On the Smoothness Constraints for Four-Dimensional Data Assimilation

An algorithm for determination of the weights of smoothness penalty constraints for the four-dimensional variational data assimilation technique is proposed and evaluated. To study the nature of smoothness penalty constraints, a simple nonlinear harmonic oscillator problem is first considered. Penalizing smoothness constraints is found to make the modified Hessian matrix of the cost function more positive definite, akin to the idea behind the modified line search Newtonʹs methods. However, the use of the derivative smoothness constraints with a fixed coefficient does not warrant uniform imposition of these constraints at every iteration.

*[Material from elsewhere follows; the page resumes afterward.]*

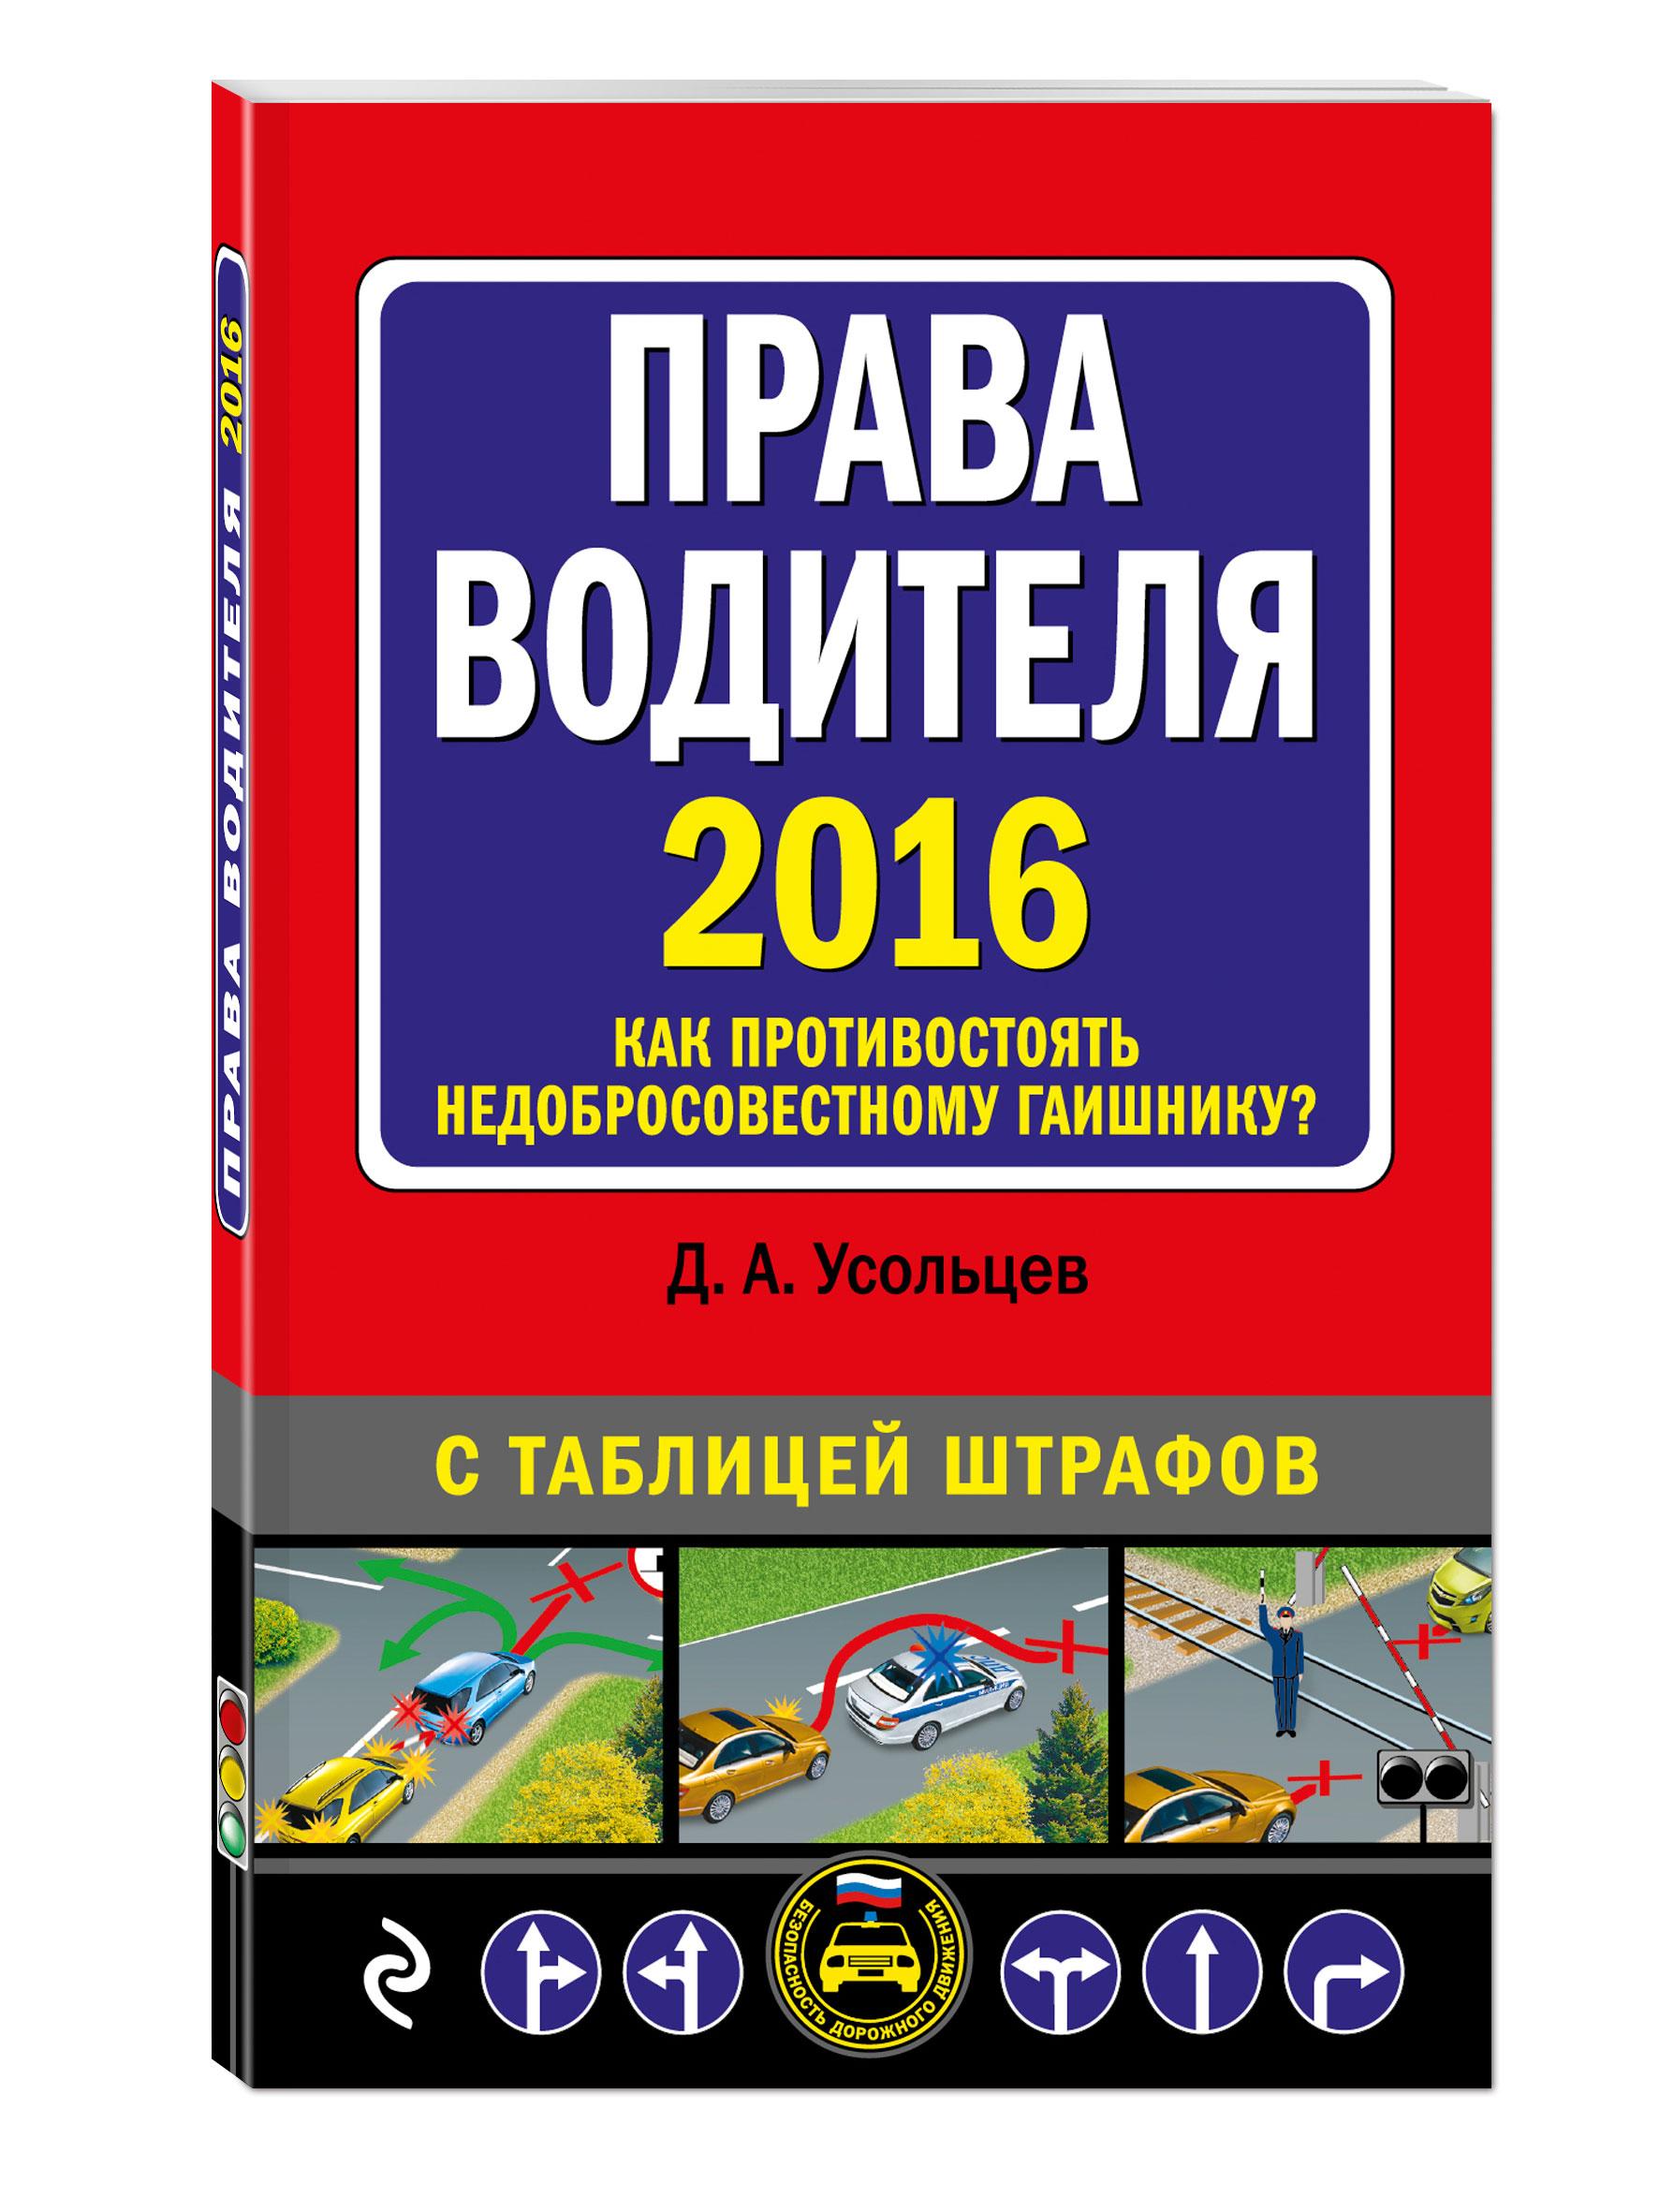 Права водителя. Как противостоять недобросовестному гаишнику? (с изменениями на 2016 год) от book24.ru

A remedy is to control the ratio of the smoothness penalty function over the cost function, which can dramatically increase the positive definite area. On the other hand, the large smoothness coefficients obtained from this approach can deteriorate the convergence property of the minimization problem. Based on these observations, an algorithm for tuning the weights of smoothness constraints is proposed to overcome the aforementioned problems. The algorithm is first applied to a simple dynamic problem. It is then tested on the retrieval of microscale turbulent structures in a simulated convective boundary layer. This method is further evaluated on the retrieval of a strong meso-scale thunderstorm outflow from Doppler radar data. The results show that the algorithm yields efficient retrieval.